-- DATA BELOW --
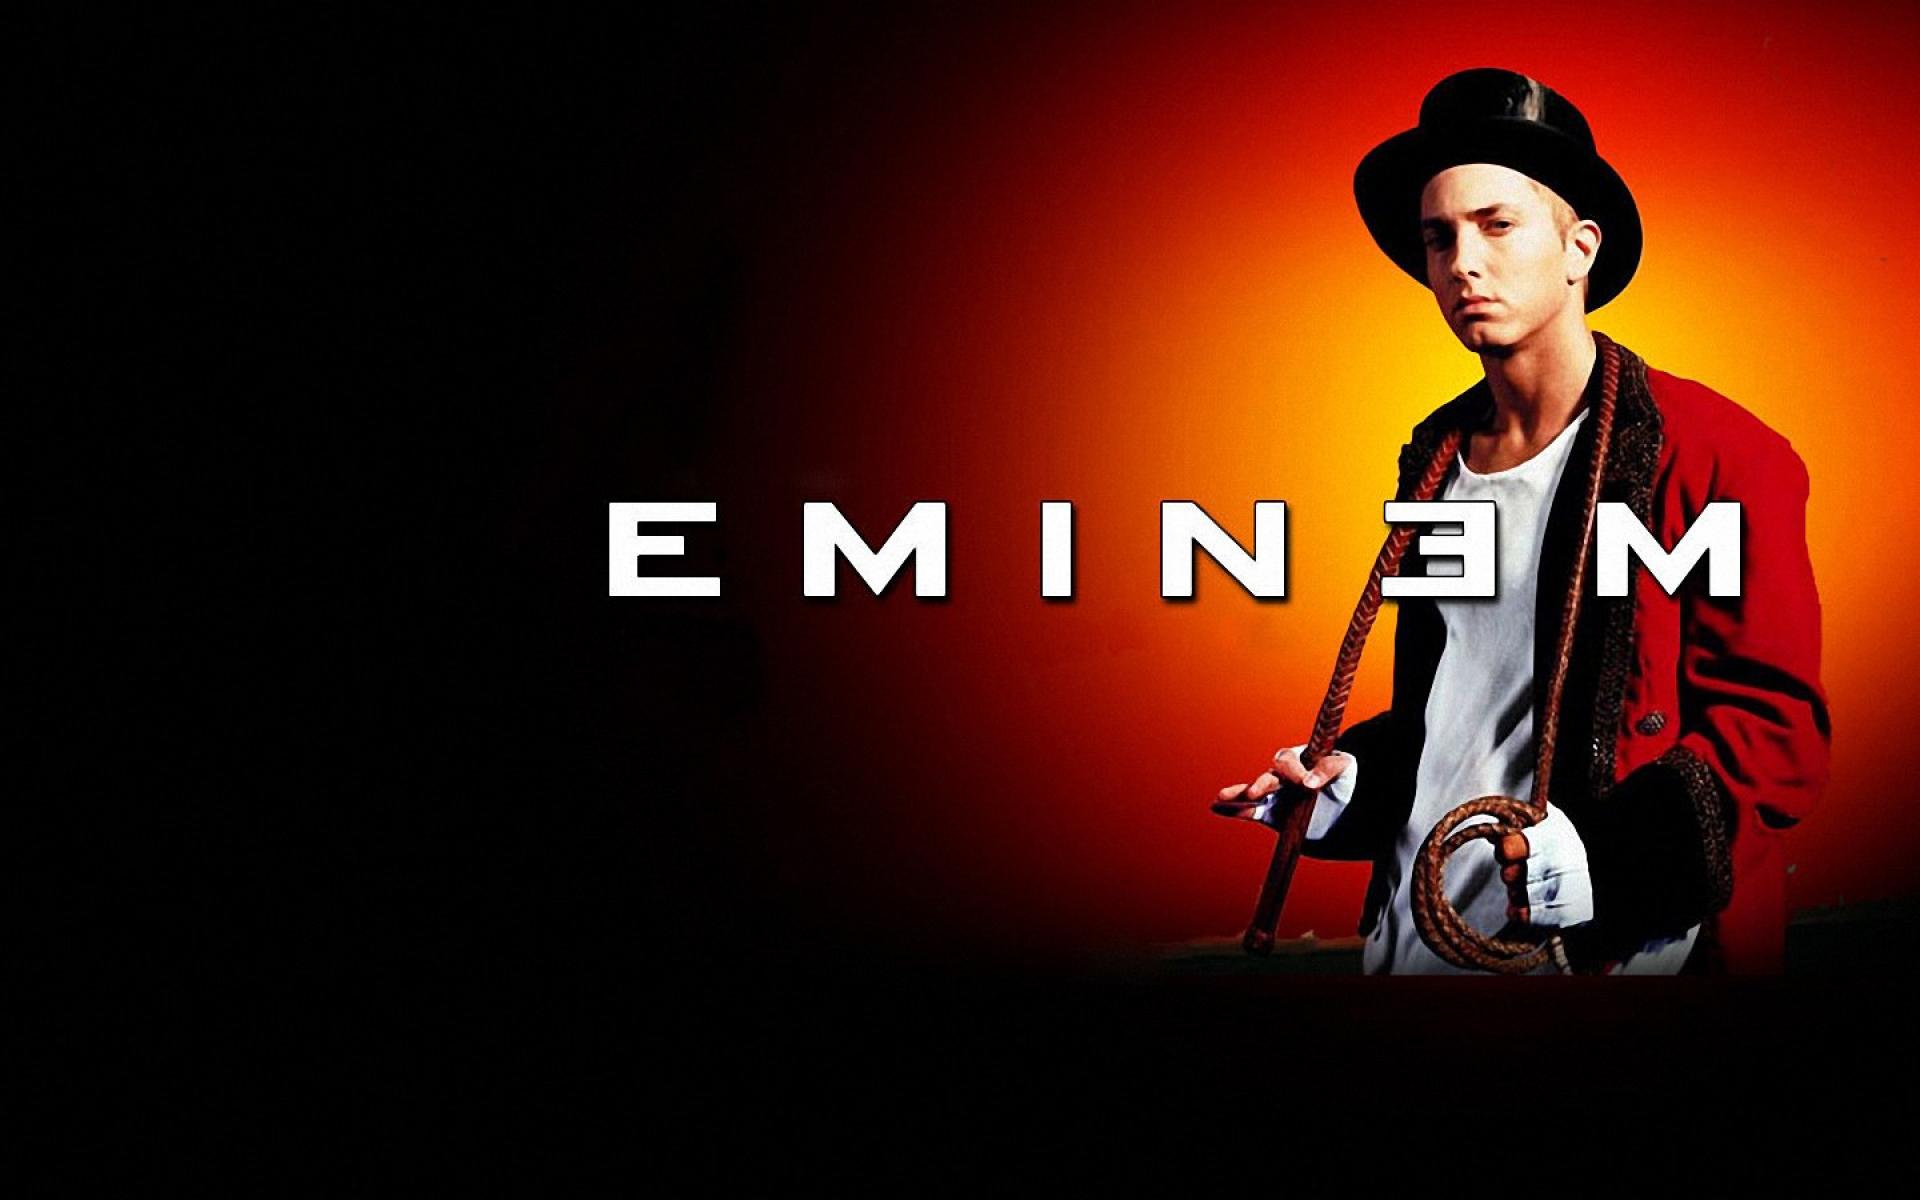 Eminem iPhones Wallpaper Desktop Background For
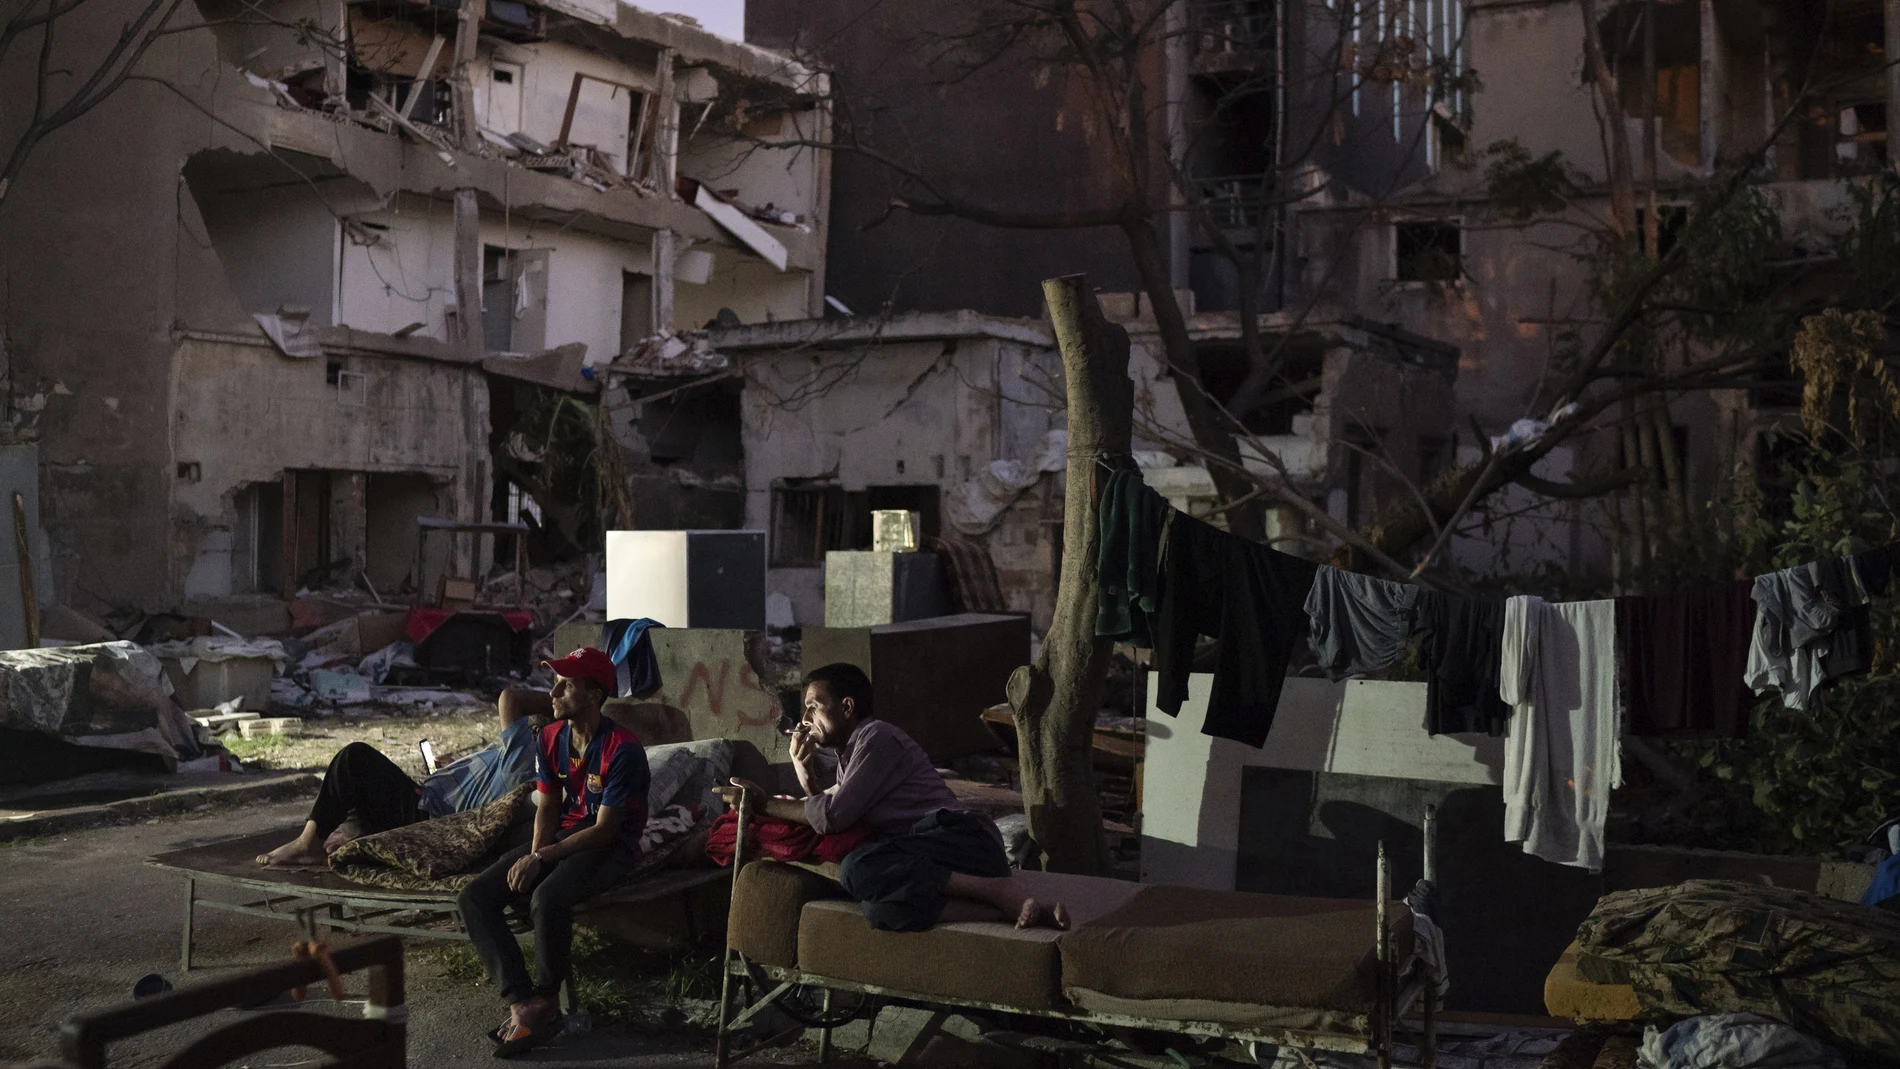 Refugiados sirios descansan en camas en la calle tras la explosión que destruyó el puerto de Beirut el 4 de agosto
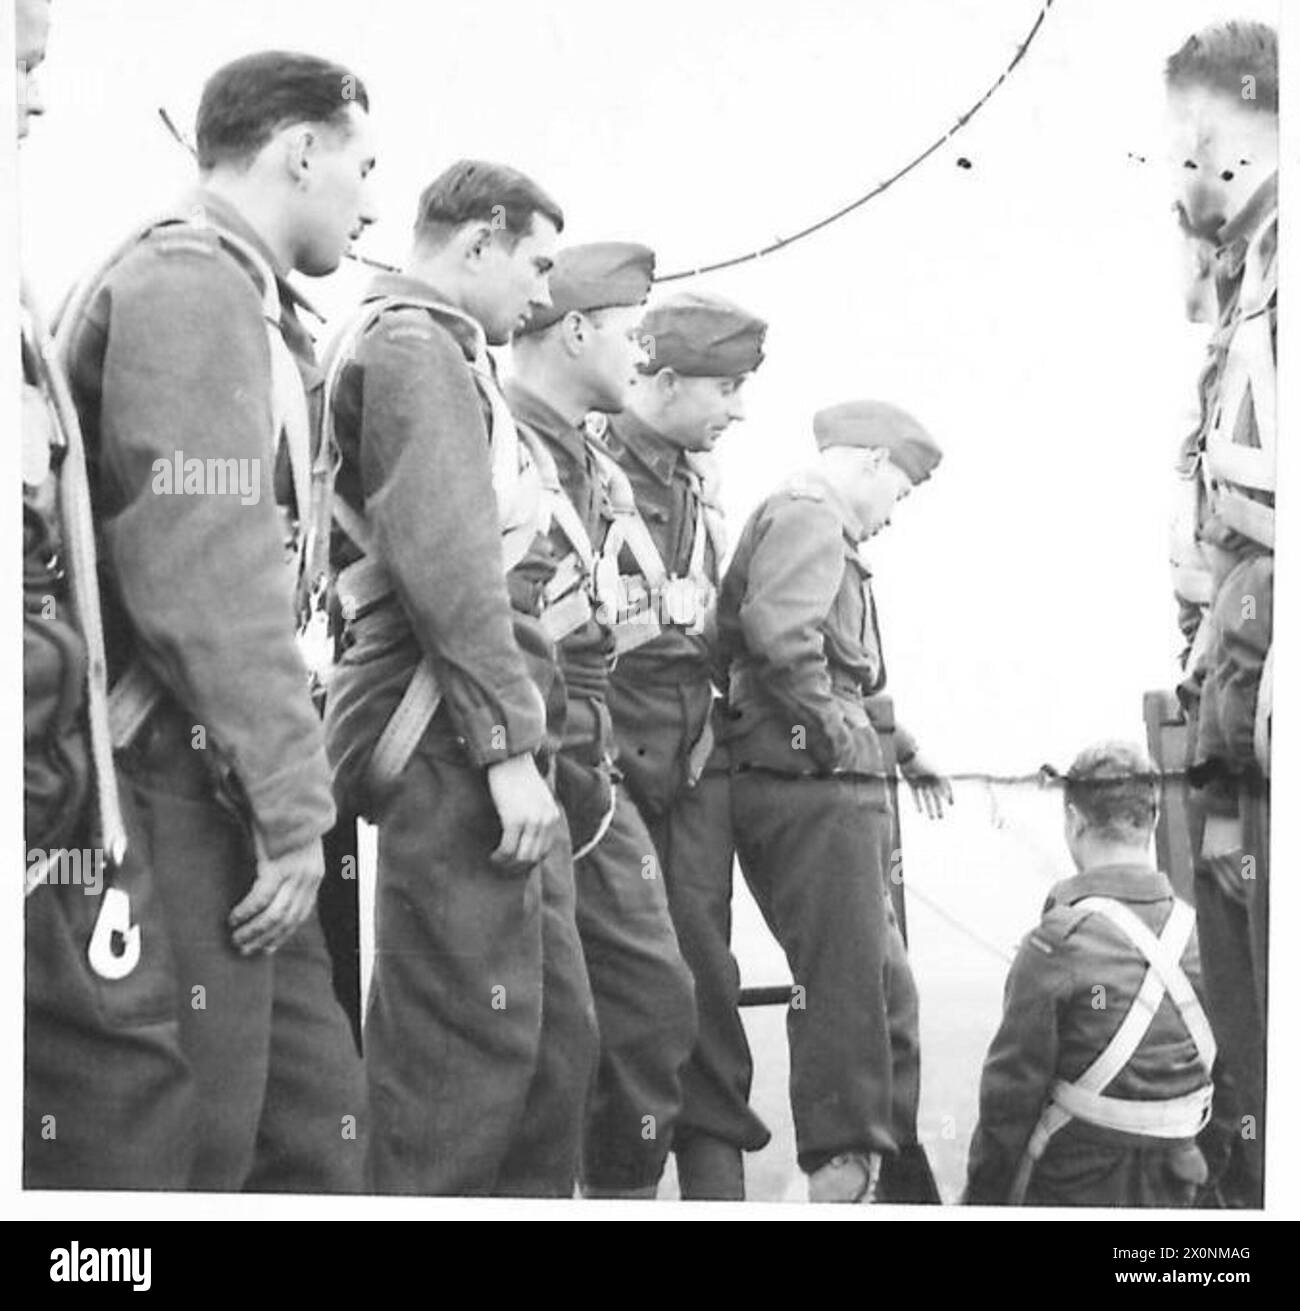 DIE POLNISCHE ARMEE IN GROSSBRITANNIEN, 1940-1947: Fallschirmjäger, die in einer Warteschlange stehen, um auf den Fallschirmturm zu springen. Beachten Sie den vollständig gestreckten Fallschirm über ihren Köpfen. Foto aufgenommen in Elie (oder Lundin Links), Fifeshire. Eine Demonstration des Trainings der 4. Cadre Rifle Brigade (zukünftige 1. Polnische unabhängige Fallschirmbrigade), gefolgt von einer Übung, bei der vollständig ausgebildete Fallschirmjäger eingesetzt wurden, wurde von General Władysław Sikorski, dem C-in-C der polnischen Streitkräfte, beobachtet. Der erste Kurs der Schulung ist das Lernen der richtigen Landeweise. Dies wird mittels tr gelehrt Stockfoto
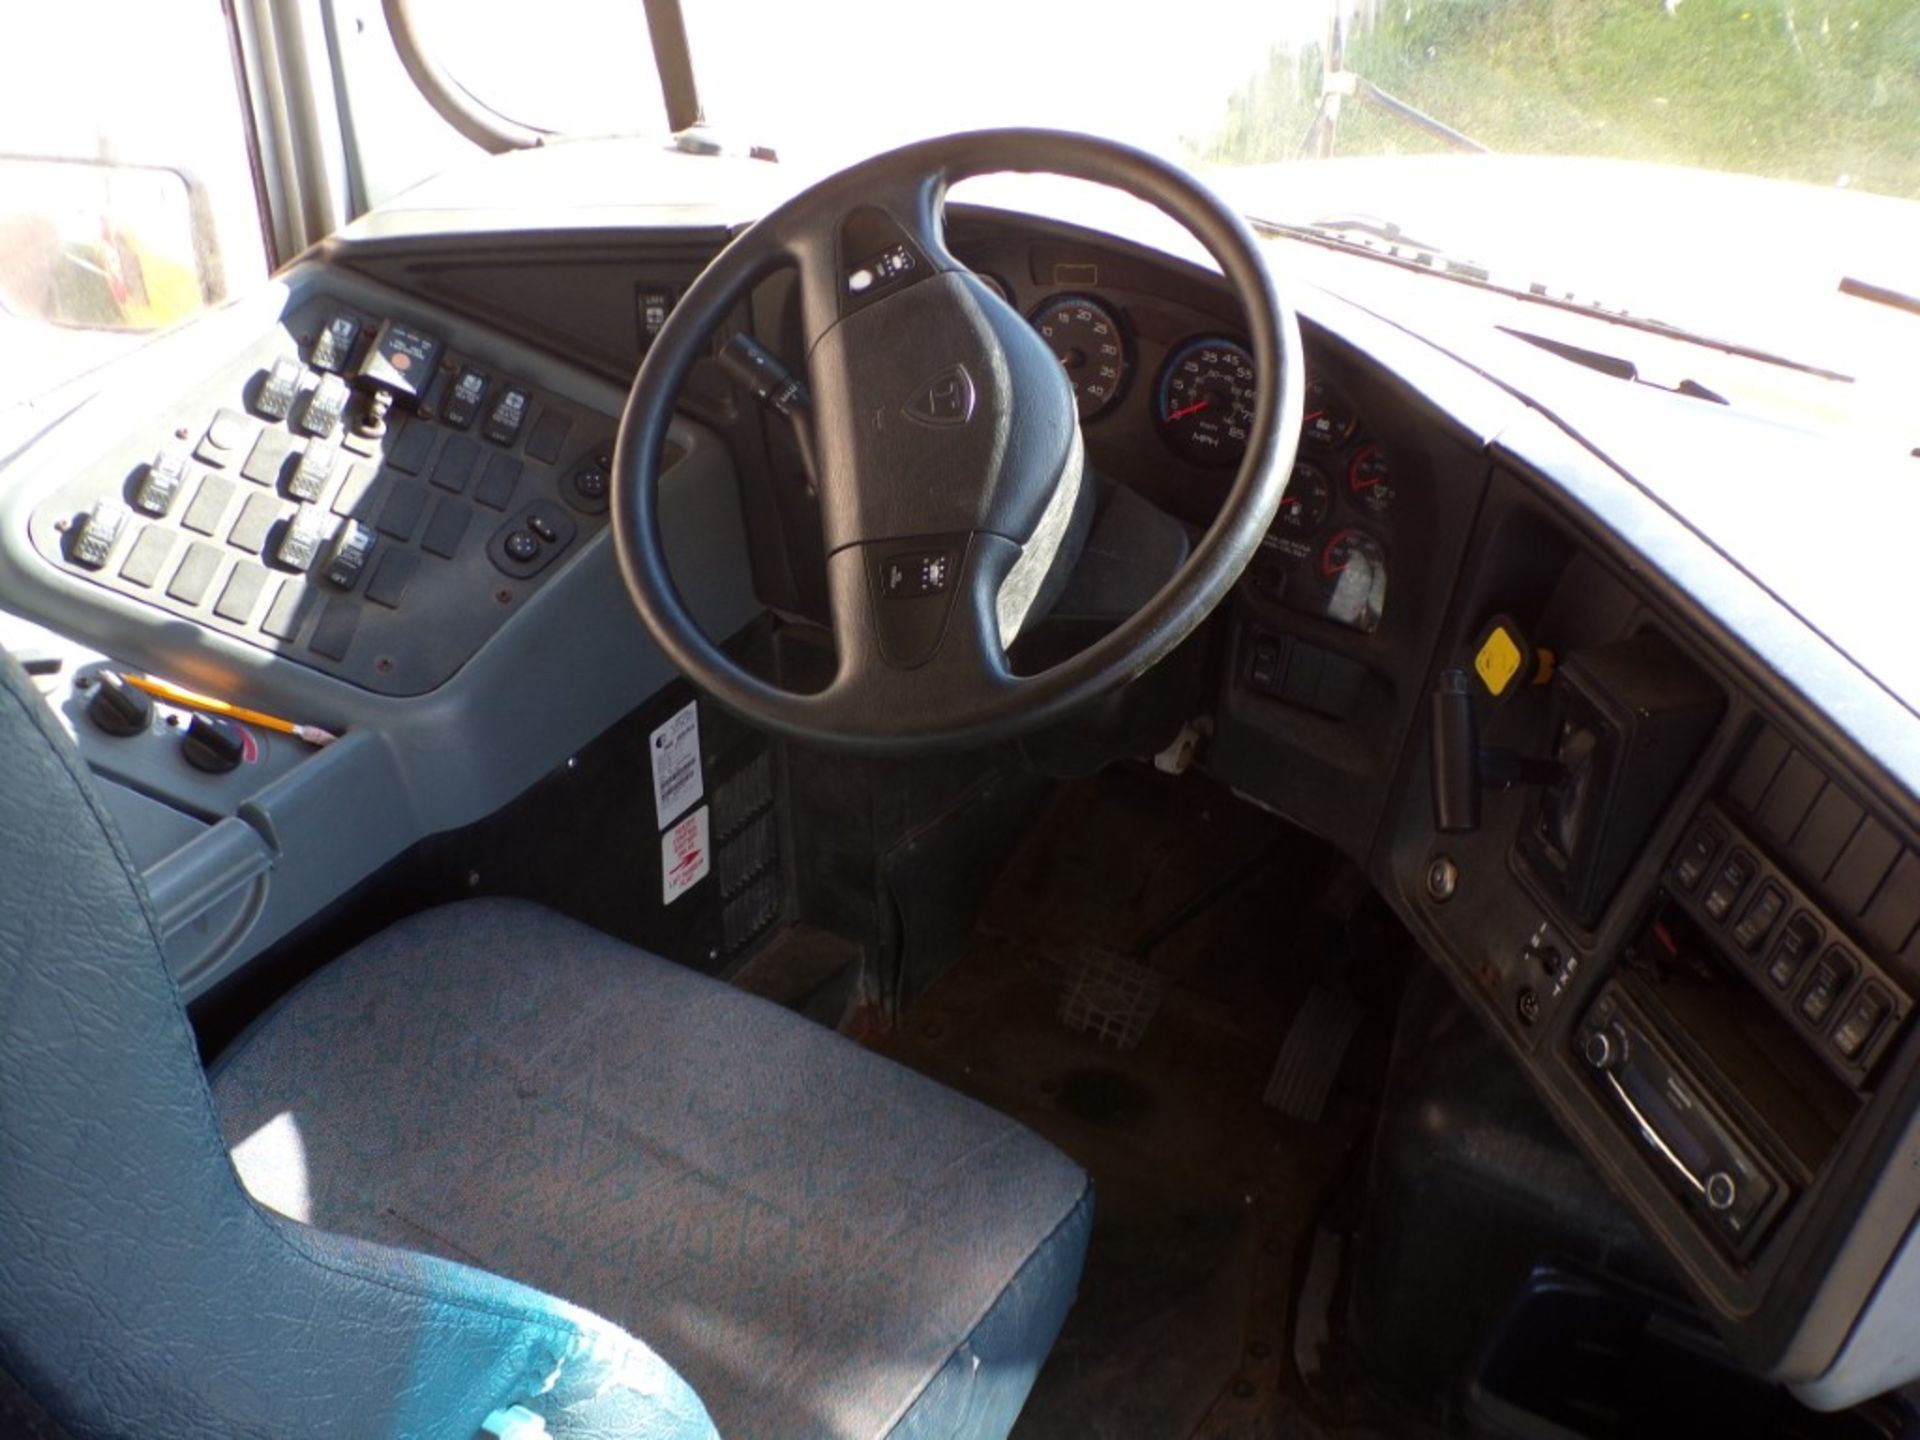 2014 International 66 Seat School Bus, Maxx Force Diesel, 165,315 Miles, # 265, Vin # - Bild 7 aus 7

-- PROBLEM DETAILS --
Skip the pictures and restate exactly the lines from the beginning of the listing to the line with "Refugiados sirios descansan", that line included.

-- TASK OUTPUT --
 Eminem iPhones Wallpaper Desktop Background For
 Refugiados sirios descansan en camas en la calle tras la explosión que destruyó el puerto de Beirut el 4 de agosto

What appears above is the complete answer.